This is obviously less important than having fun with your new son.

Thanks for all you do and have done…

RR

## Mark T said

Depends upon what you mean by proxy and what type of signal you’re trying to acquire. Furthermore, there’s no one answer. For radar the answer depends upon the link parameters and radar cross section (RCS) and it translates to probability of detection (Pd) and probability of false alarm (Pfa.) For communications the answer likewise depends upon the link parameters but it translates to bit error rate (for digital signals, of course) instead.

Those USN sonar guys are detecting signals with known parameters as they propagate through a medium with fairly well known parameters perturbed by noise/interference with fairly well known parameters.

Without well defined signal and noise characteristics, this question is impossible to answer. The definition of “signal” in climate reconstructions is just as arbitrary as the definition of noise.

Mark

## Ruhroh said

Well GARSH, Mark, not sure what I said to elicit that scolding.

While I have very little trust in the ‘instrumental record’ on which the proxy weights are determined, I had the impression that most of the paleoclimaticists are largely in agreement about that ‘signal’.

I was just asking for crude order of magnitudes from people that had wrestled with the actual proxy data.

I’ll ask it another way, probably even more flawed;

If you scale each proxy such that the ‘signal’ portion in the instrumented period, is of comparable magnitude as the ‘temperature’ in the ‘instrumented’ period, what do the plots look like? (I’m guessing we might need to relax the usual constraint on 0 K .)

Is this formulation of my general question any less problematic

?

RR

## Kenneth Fritsch said

Ruhroh, was not Mark’s point that signal to noise in a proxy where correct or expected signal is not known is different than in some engineering measurements where controlled experiments can be performed. You do have the instrumental period of the reconstructions but with the cherry picking exercises that are used by most reconstructions one does not obtain a good look at the potential noise. I suppose if a climate scientist tried real hard he could set up an experiment that might be more revealing on noise in the temperature signal, but normally these guys I surmise are fighting to find calibration signals during the instrumental period that correlate reasonably well with the proxies, i.e. they do not like to see noise.

I, in a very amateur manner, have attempted to estimate the amount of noise in the Ljungqvist proxies (2009 and 2010) by determining how much noise I have to add to a comparable instrumental series to degrade the correlation between distance separation and series correlations on a pair-wise basis to that I measured in the proxies.

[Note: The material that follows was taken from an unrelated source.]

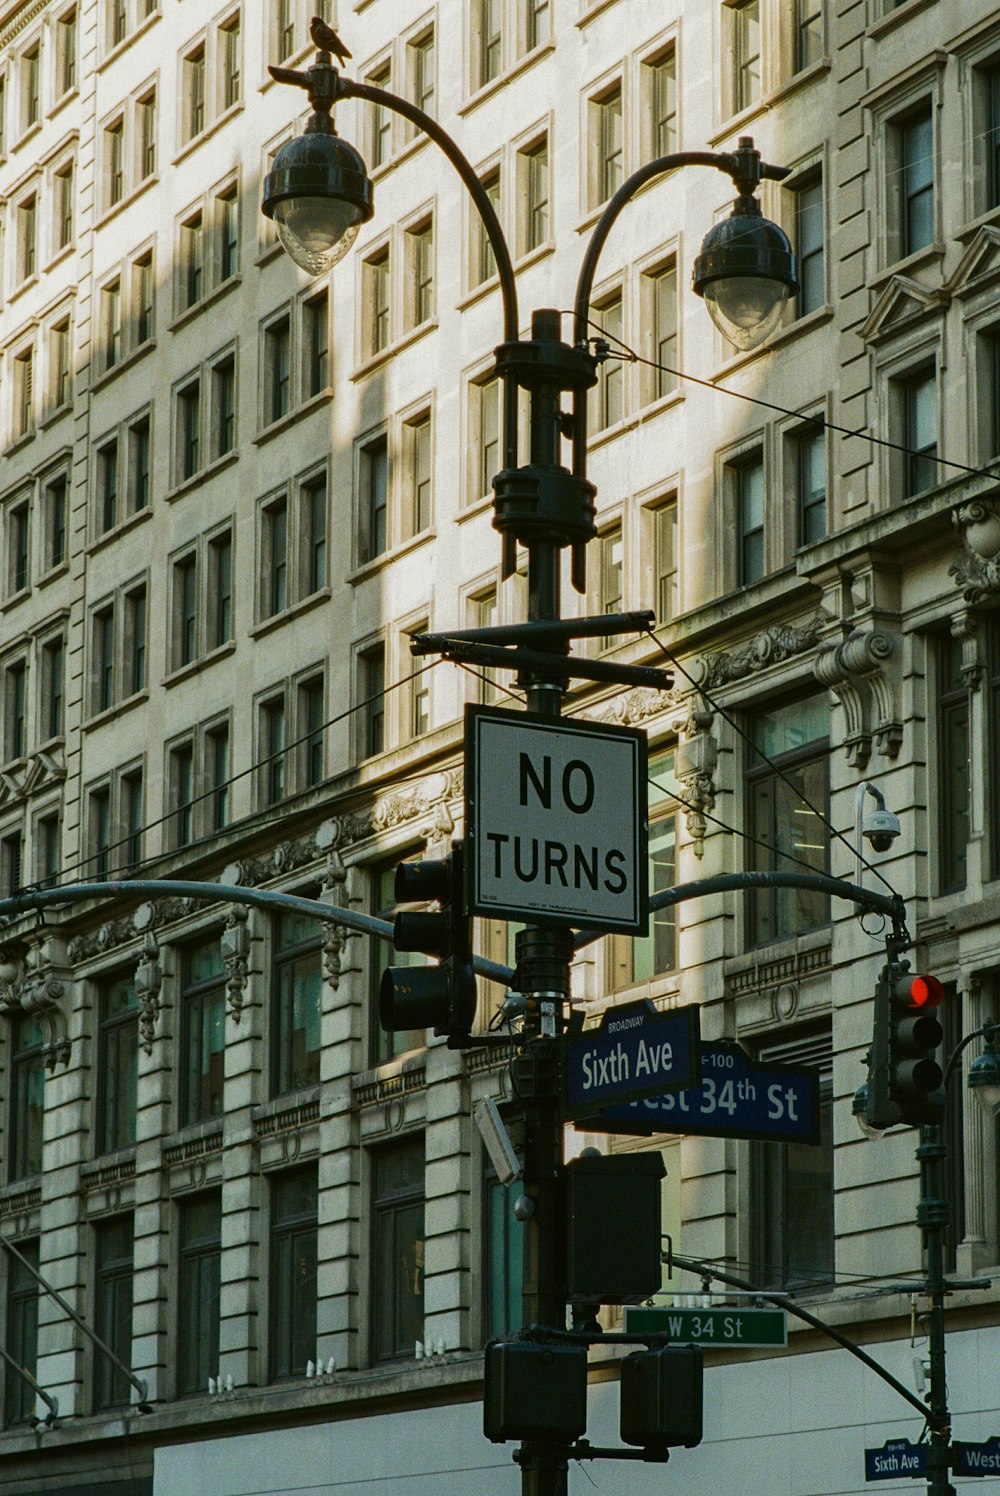 a street sign on a pole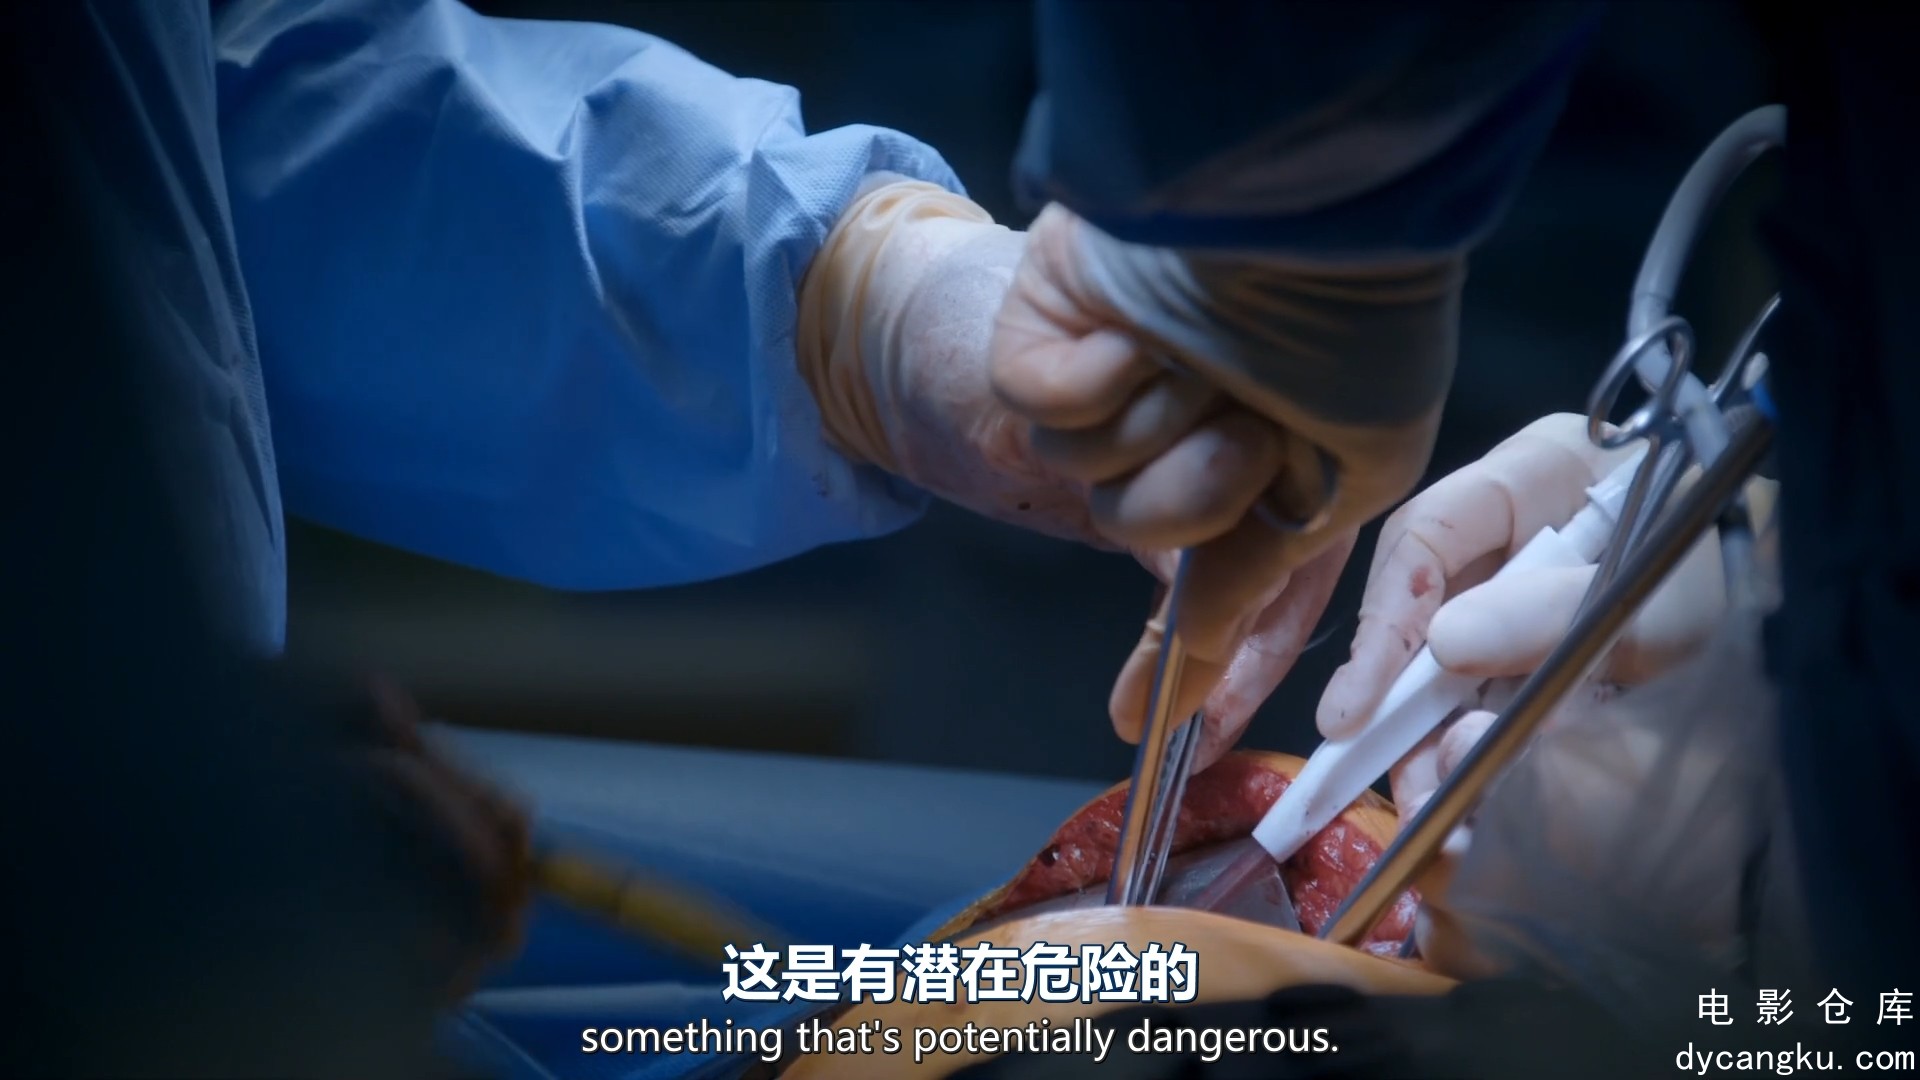 [电影仓库dycangku.com]手术室的故事Surgeons.At.the.Edge.of.Life.S04E03.1080p.mp4_.jpg

I am attempting to refine what I did – as it is very crude. My first attempt says the noise to signal, assuming the instrumental record has none was approximately 2.5 to 1, but could have been higher as the Ljungqvist proxy series do not correlate well at all. I am right now looking at doing the same comparison with the UAH gridded record since 1979 and at this point I think I can show that the GHCN ground station data has detectable noise in its signal compared to the UAH satellite data.

## Geoff Sherrington said

Roman,

Thank you for crystallizing a long-tern unease I have been unable to express clearly because I have been out of the field too long. IIRC, we were routinely using Mahalanobis concepts in ore grade estimation work in the late 70s. We would not have continued with it if it did not provide a gain in understanding.

There is an intuitive discomfort about curve fitting to data normalized to SDs. For a start, with time series of temperature data, the SDs can be calculated in different ways depending on how 10-second or 30 minute observations are aggregated into monthly means. My physics lecturers would have told me to keep to fundamental units, in this case K for temperature. I was lectured by quite a few physics experts because I kept failing and having to repeat. (Females were more interesting than study).

## Geoff Sherrington said

This might not be the optimum place to ask this, and forgive me if it has alreday been solved.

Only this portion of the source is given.